IS THE RULE OF LAW IN POLAND THREATENED?

By Weronika Cycak

 

On the 12th September, the European Parliament once again debated controversial laws implemented in Poland by the governing Law and Justice party. The MEPs agreed on a non-binding resolution calling on the Polish government to respect democratic principles and the rule of law. The main issue of concern is an ongoing dispute over the composition and rulings of the Constitutional Tribunal, a judicial body comprising 15 judges responsible for ensuring the compliance of legislation with the Constitution of Poland. Since the 2015 parliamentary elections in which the conservative Law and Justice party won a majority of seats in the Sejm (the lower house of the Polish parliament), the government has implemented new policies regarding the overall operation of the Tribunal and a new media law that prompted the European Commission to investigate whether this constitutes a threat to democracy.

1

Source: flicr/Kancelaria Premiera

 

 

CONSTITUTIONAL TRIBUNAL DISPUTE

 

Although the dispute over the Constitutional Tribunal is mostly associated with current Polish leadership, it has its roots in the decision taken when the former government led by the Civic Platform party was in power.

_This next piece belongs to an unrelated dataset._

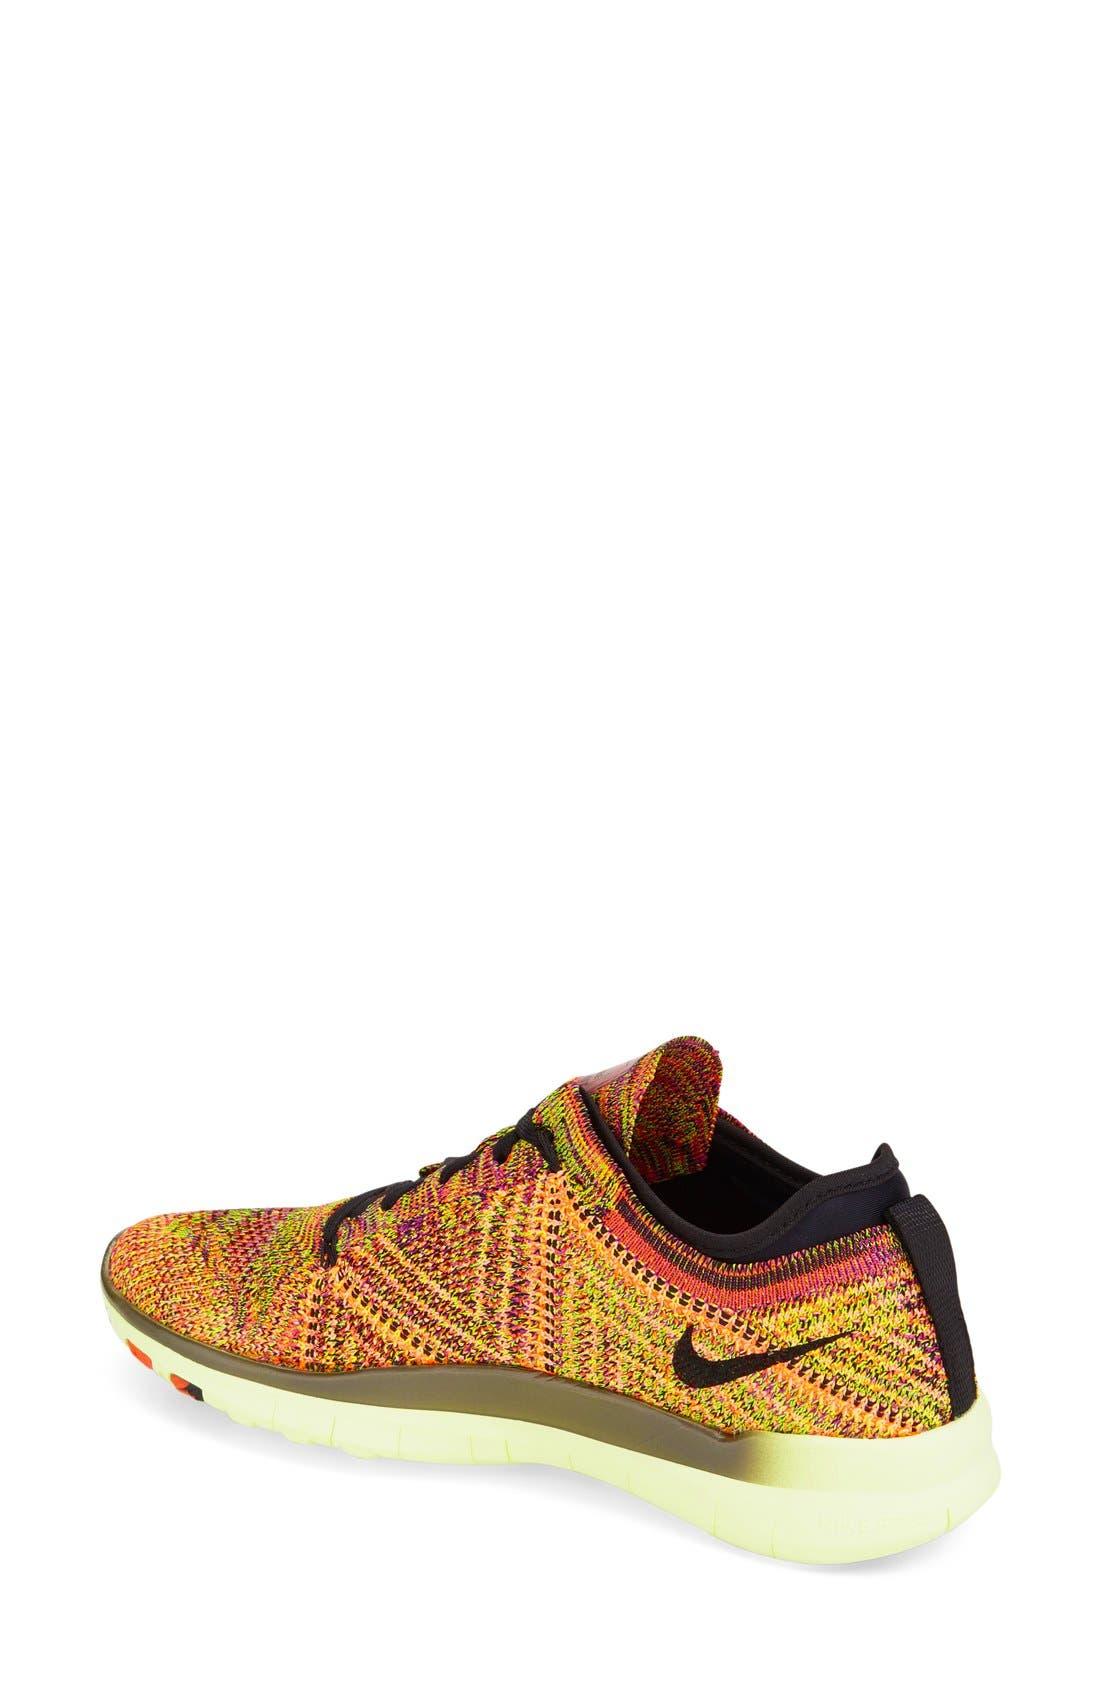 ,                             'Free Flyknit 5.0 TR' Training Shoe,                             Alternate thumbnail 70, color,                             899

Several months before the 2015 parliamentary election in Poland, the government adopted the Law on Constitutional Tribunal which set new rules on the appointment of the judges, among others. On the basis of the new law, the parliament controlled by the Civic Platform-led coalition approved five new judges to the Tribunal in October 2015. The three of them were to replace judges whose nine-year term in office had expired and the other two to replace judges whose term was going to expire soon after the elections. In principle, the two could have been appointed by the new parliament formed after the 2015 elections.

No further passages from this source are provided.